## DIRECTIONS:
Repeat the full listing below verbatim and keep the images out.

## INFORMATION SHOWN:
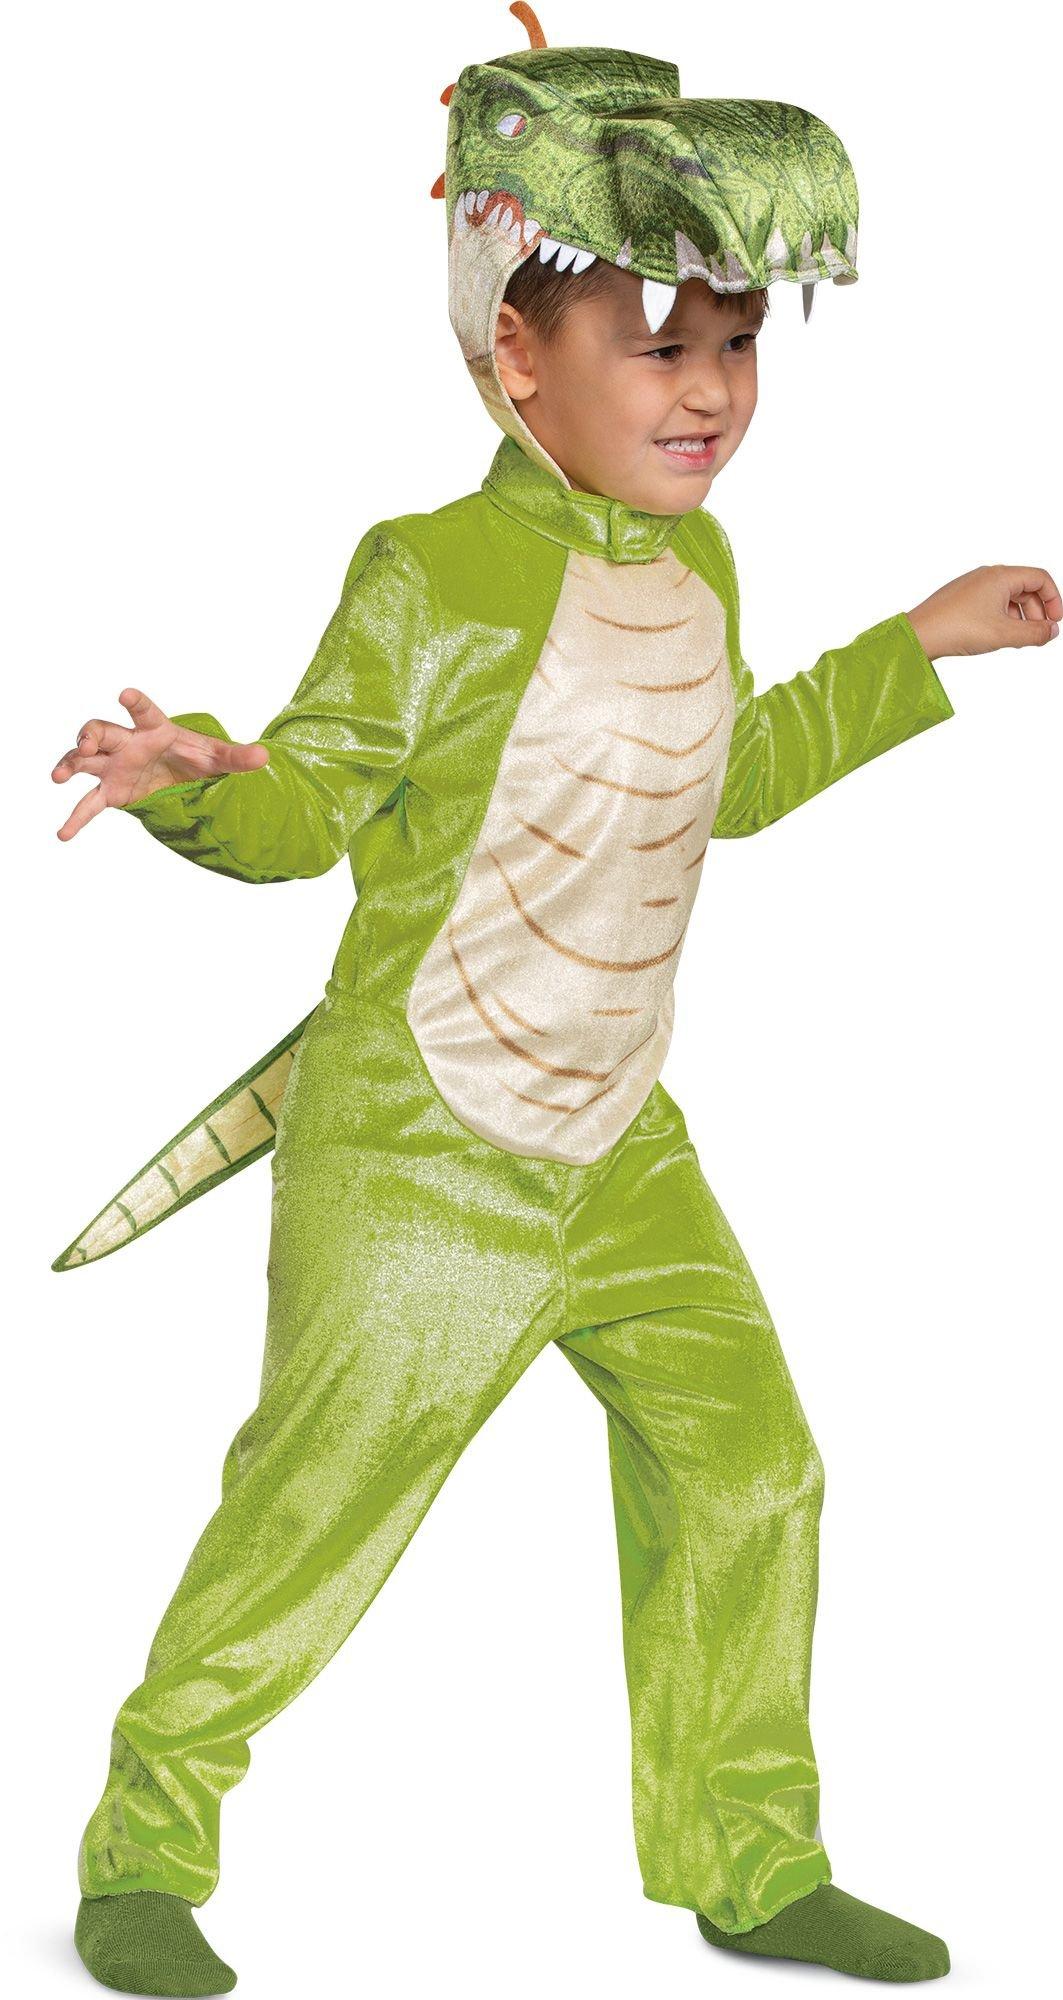 Kids' Giganto Costume - Gigantosaurus
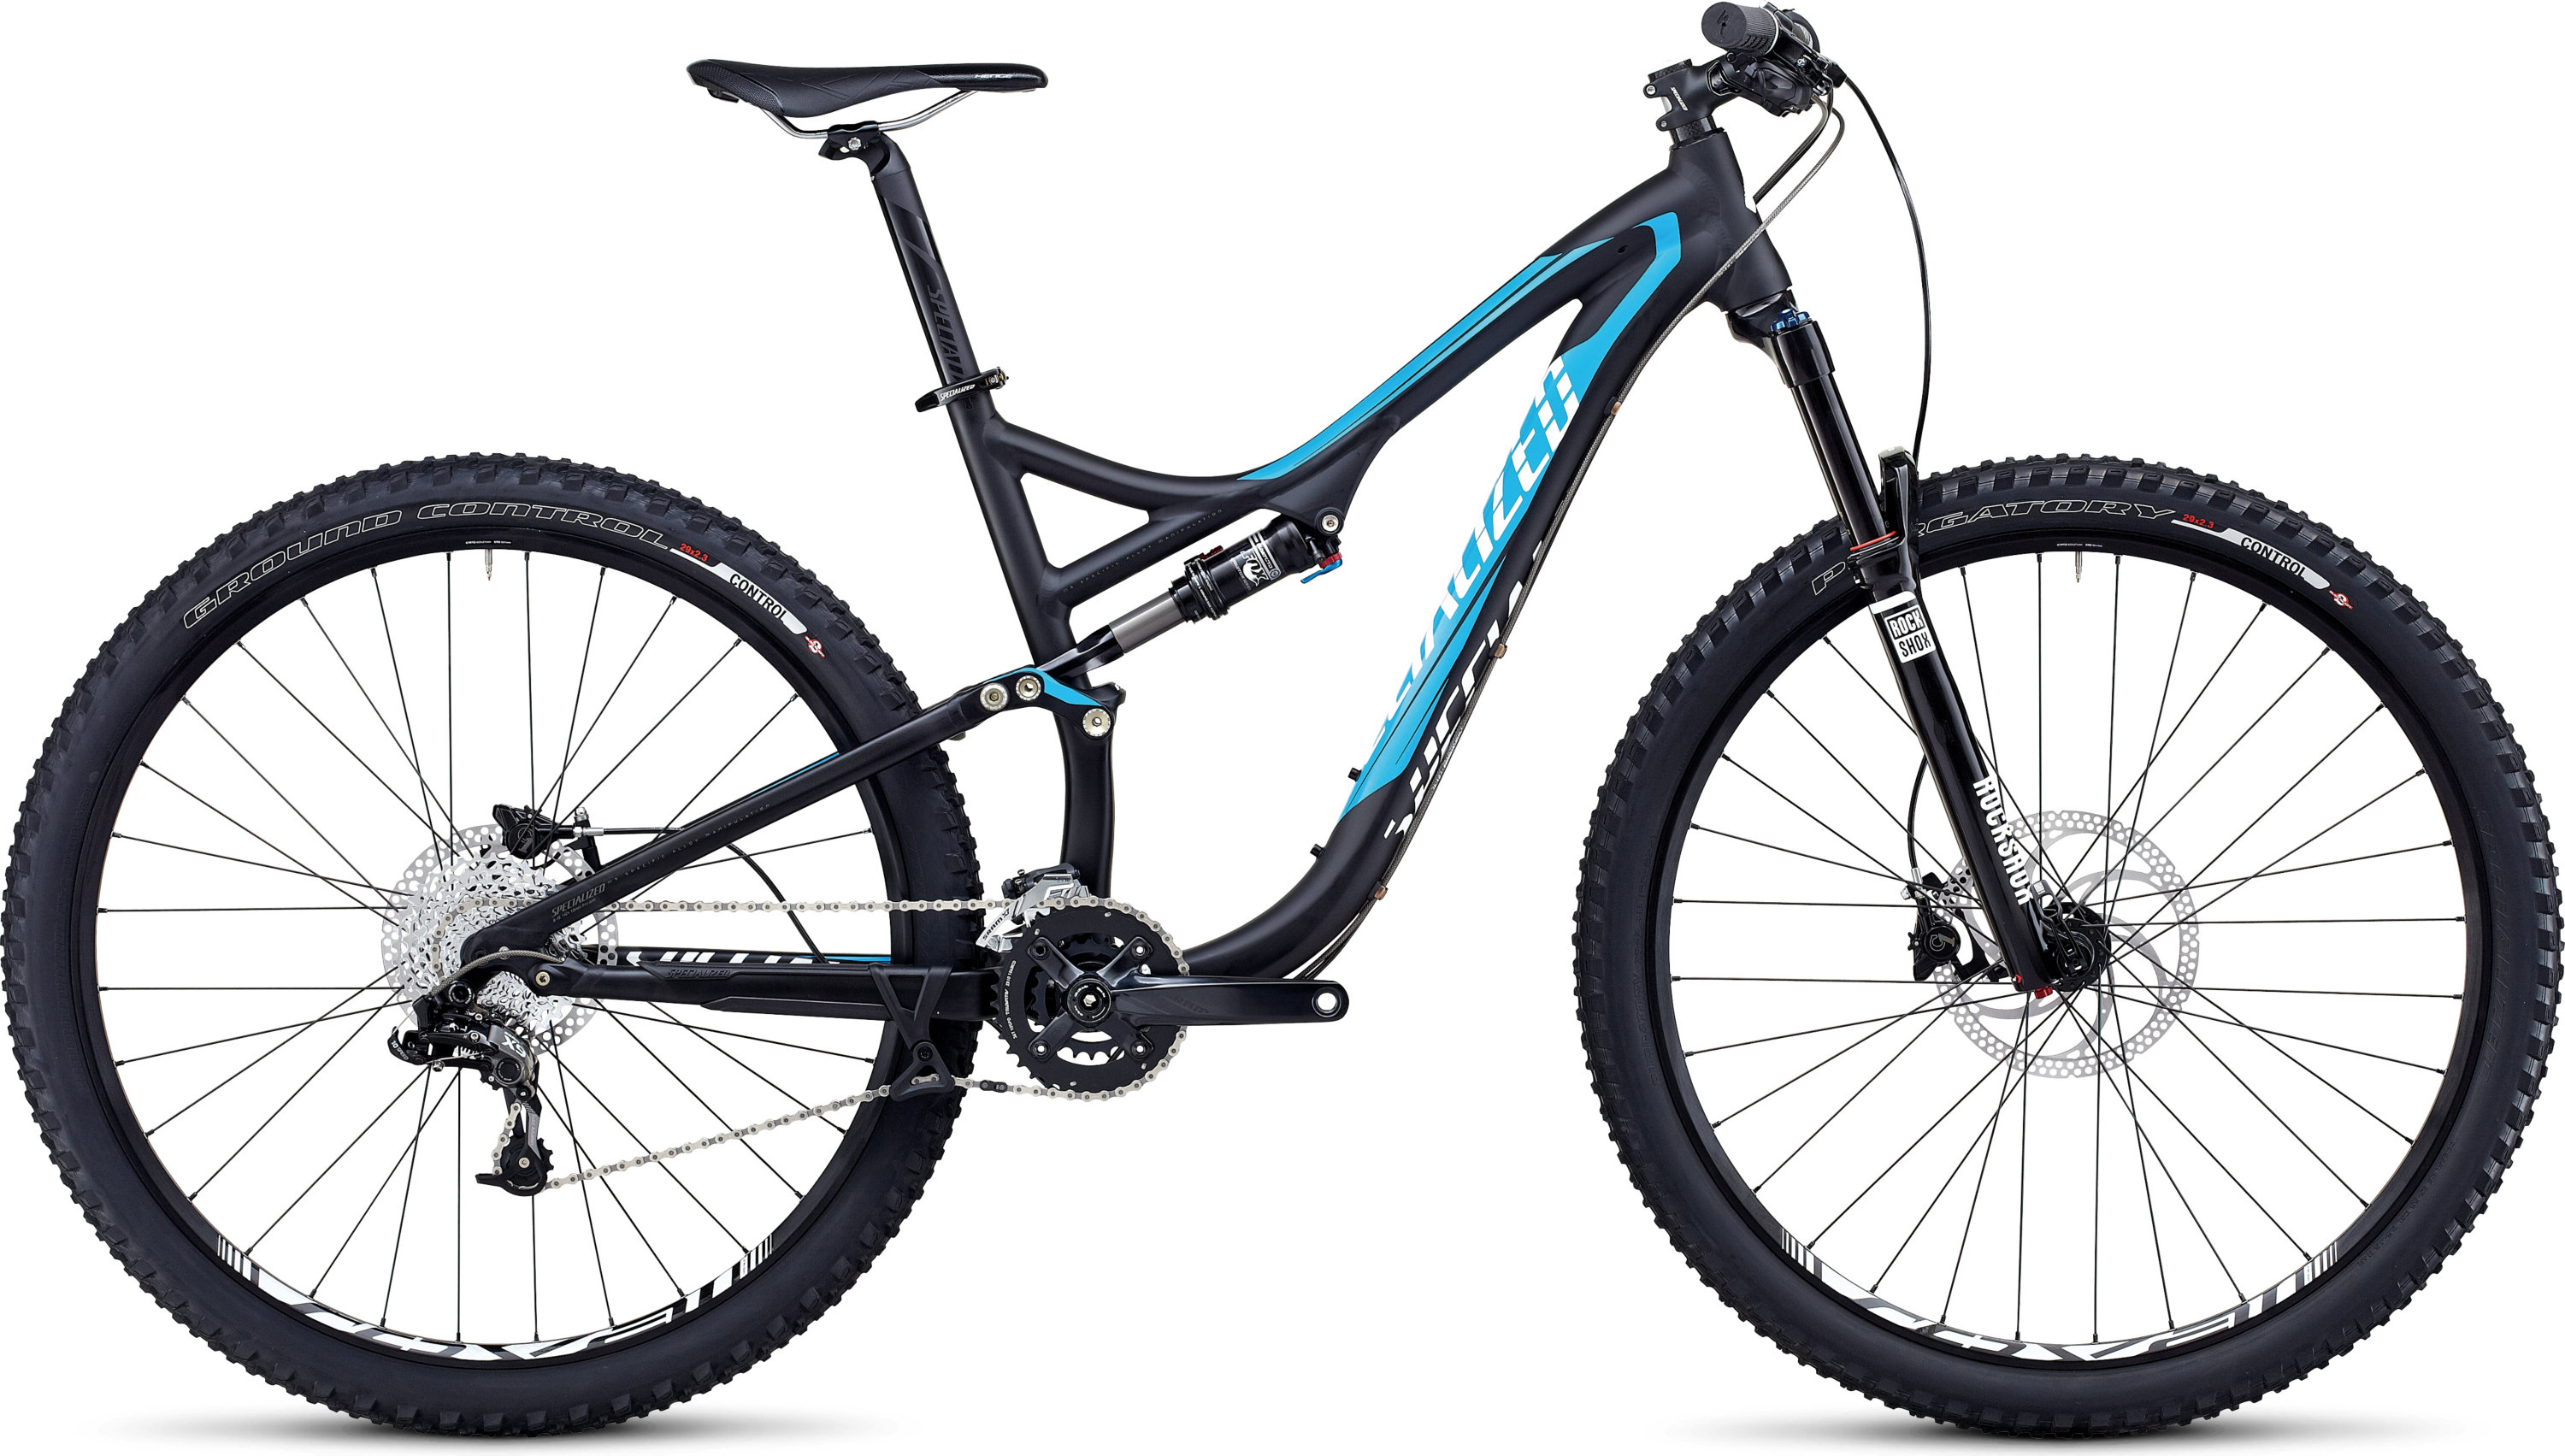 the beiou carbon fiber 27.5 mountain bike
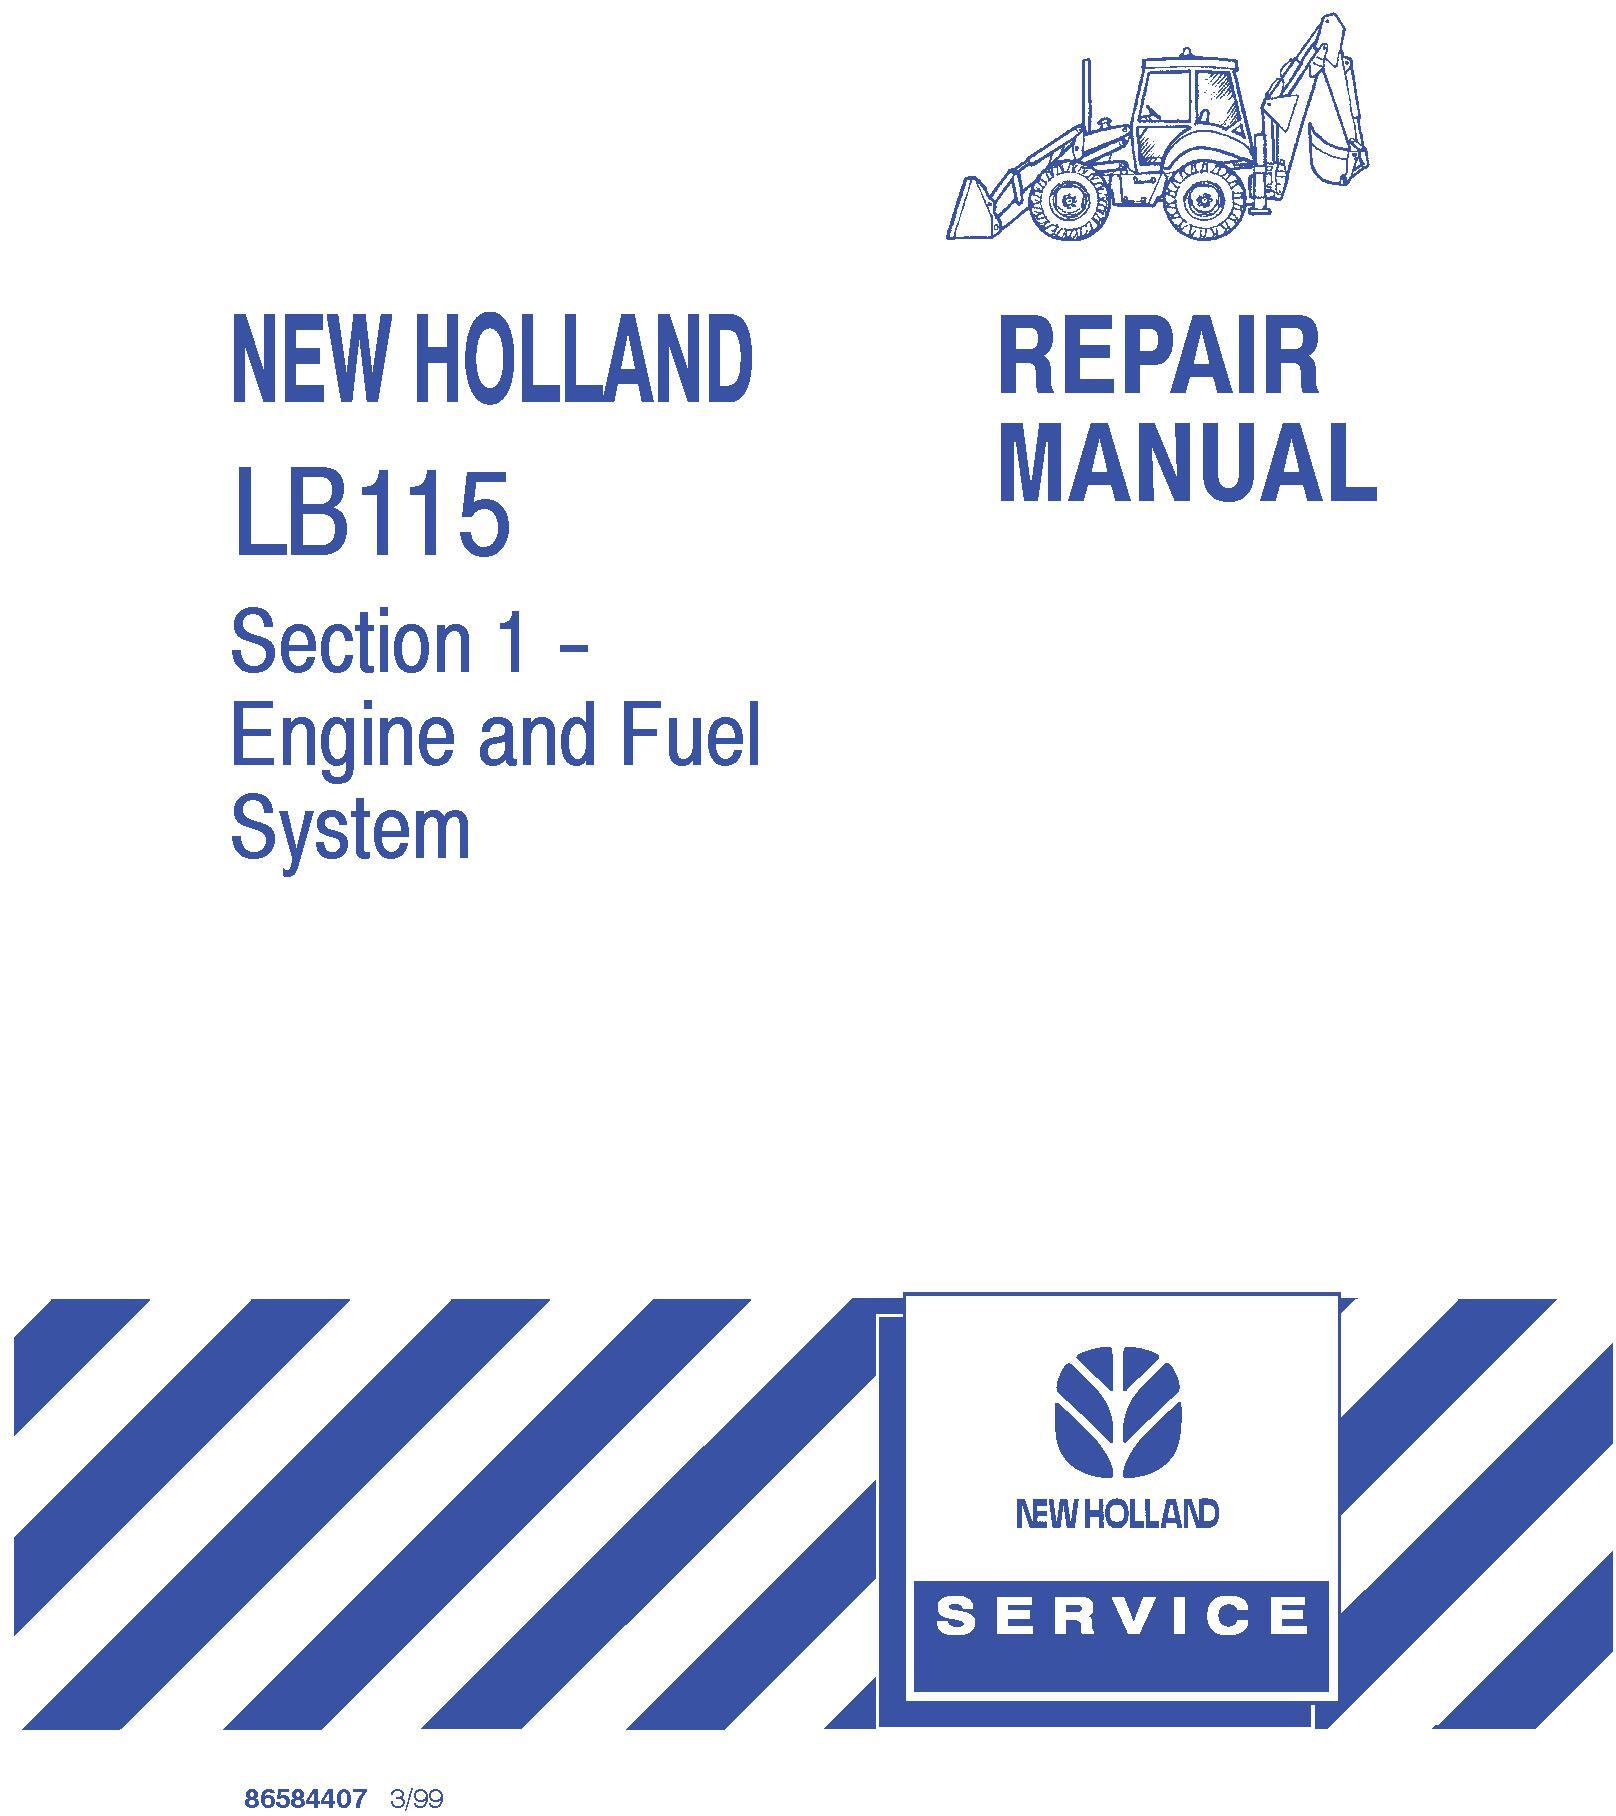 New Holland LB115 Backhoe Loader Service Manual - 19945

## REPLY:
 Kids' Giganto Costume - Gigantosaurus
 the beiou carbon fiber 27.5 mountain bike
 New Holland LB115 Backhoe Loader Service Manual - 19945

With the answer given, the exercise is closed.